5.1 Cursor expired (410 SYNC_CURSOR_EXPIRED)

  • Cause: desktop offline > snapshot retention window.
  • System behaviour: desktop falls back to full re-sync.
  • User-visible: "Refreshing data" indicator; takes seconds to a minute depending on volume.
  • Manual: none expected.

5.2 Push retry storm

  • Detection: sync.push.ops{outcome=deferred} > 100/s.
  • Cause: server back-pressure; renderer not honoring backoff.
  • Manual: verify renderer version; bump server min-instances temporarily.

5.3 Local SQLite corruption

  • Detection: desktop logs SQLITE_CORRUPT.
  • Mitigation: desktop deletes housekeeping.db and full re-syncs.
  • Manual: support ticket; root-cause investigation if pattern.

6. AI port failures

6.1 Routing port timeout

  • Detection: ai.routing.fallback counter > 0.
  • System behaviour: empty suggestion; manual mode.
  • Manual: if persistent (> 30 min), confirm ai-orchestrator-service health; consider disabling auto-apply gate via tenant settings.

6.2 Routing applied bad assignment

  • Cause: routing model returned invalid staffId (off-shift, wrong tenant).
  • System behaviour: application layer rejects via STAFF_UNAVAILABLE; row dropped from suggestion; audit row created.
  • Manual: capture suggestion ID and report to AI team for model regression test.

7. Multi-service interactions

7.1 reservation.checked_out.v1 arrives but room not in property-service

  • Cause: event-out-of-order (room archived just before checkout).
  • System behaviour: CreateTaskUseCase looks up room, gets 404 → emits task.cancelled.v1 with reason=room_archived; logs WARN.
  • Manual: none required; investigated only if frequent.

7.2 maintenance.work_order.completed.v1 for room with no prior maintenance task

  • Cause: maintenance opened standalone (not via cleaning hand-off).
  • System behaviour: unblock room, create post_maintenance task.
  • Manual: none.

7.3 staff.shift.ended.v1 while staff has open task

  • Cause: shift ended before completion.
  • System behaviour: open tasks reset to pending; router re-suggests; task.reassigned.v1 emitted on next assignment; escalated.v1 if no replacement found within 5 min.
  • Manual: supervisor action via board.

8. Security events

8.1 RLS deny in production

  • Detection: any RLS deny in prod = page on-call.
  • Manual: open SEV-2; this should never happen given our current_tenant_id() setup. Investigate the offending request immediately.

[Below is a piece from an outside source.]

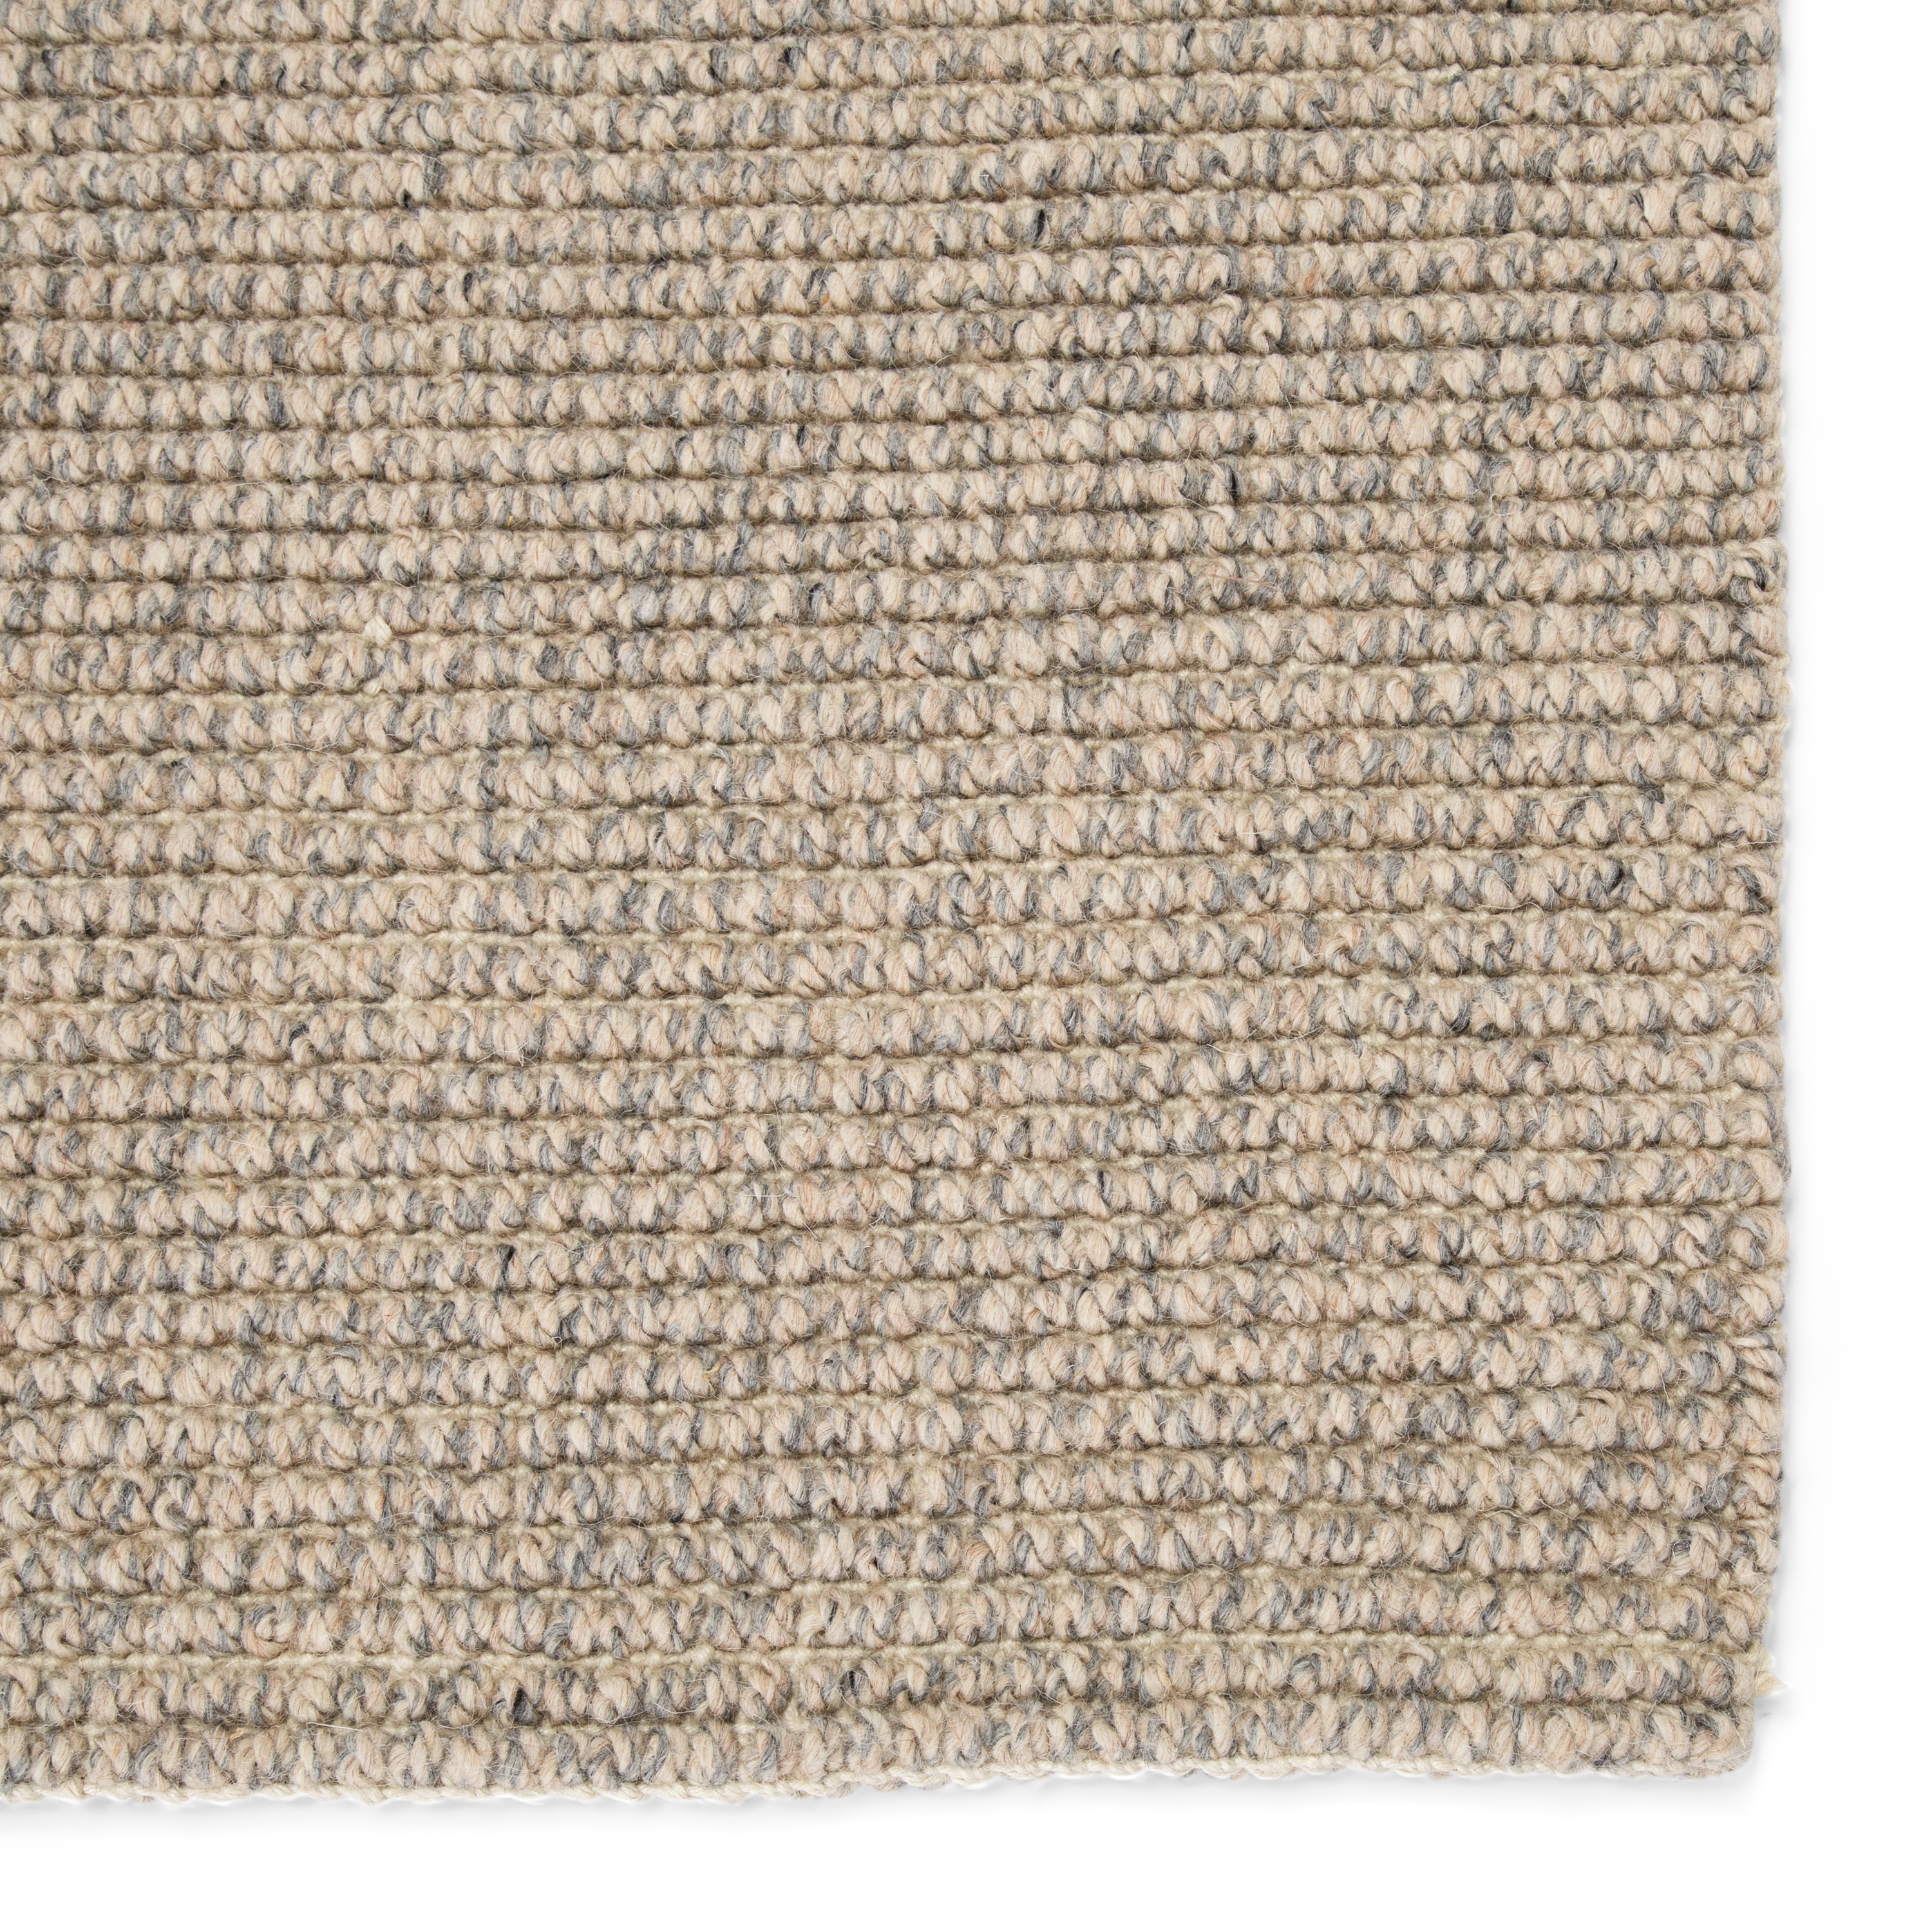 Chael Natural Solid Gray/ Beige Area Rug (10'X14') - Image 3

8.2 Unexpected JWT role escalation

  • Detection: auth.role.unexpected (a non-supervisor calling supervisor-only routes) > 0.
  • Manual: rotate JWT signing key; force iam-service re-issuance.

9. Data integrity

9.1 Outbox event with invalid payload

  • Detection: consumer rejects with schema-validation error.
  • Mitigation: event versioning; producer must emit valid vN+1 only after consumer migration.
  • Manual: if consumer is ours: hot-fix payload field; for external producer: coordinate via owner.

9.2 room_status row missing

  • Cause: brand-new room not yet projected.
  • Mitigation: FlipRoomStatusUseCase and the room-event consumer create the row on first touch.
  • Manual: none.

10. Operational checklist for incident response

  1. Confirm the alert in Grafana housekeeping folder.
  2. Check outbox.unpublished_rows, consumer lag, and 5xx rate dashboards.
  3. Pull last 50 ERROR logs filtered to the affected route/use case.
  4. Identify if the issue is internal (code bug) or external (DB, Pub/Sub, dependency).
  5. If incident exceeds 15 min, post in #hk-ops, escalate per platform standard, start an incident doc.
  6. Once mitigated, file a post-mortem and link to the runbook updated as part of the fix.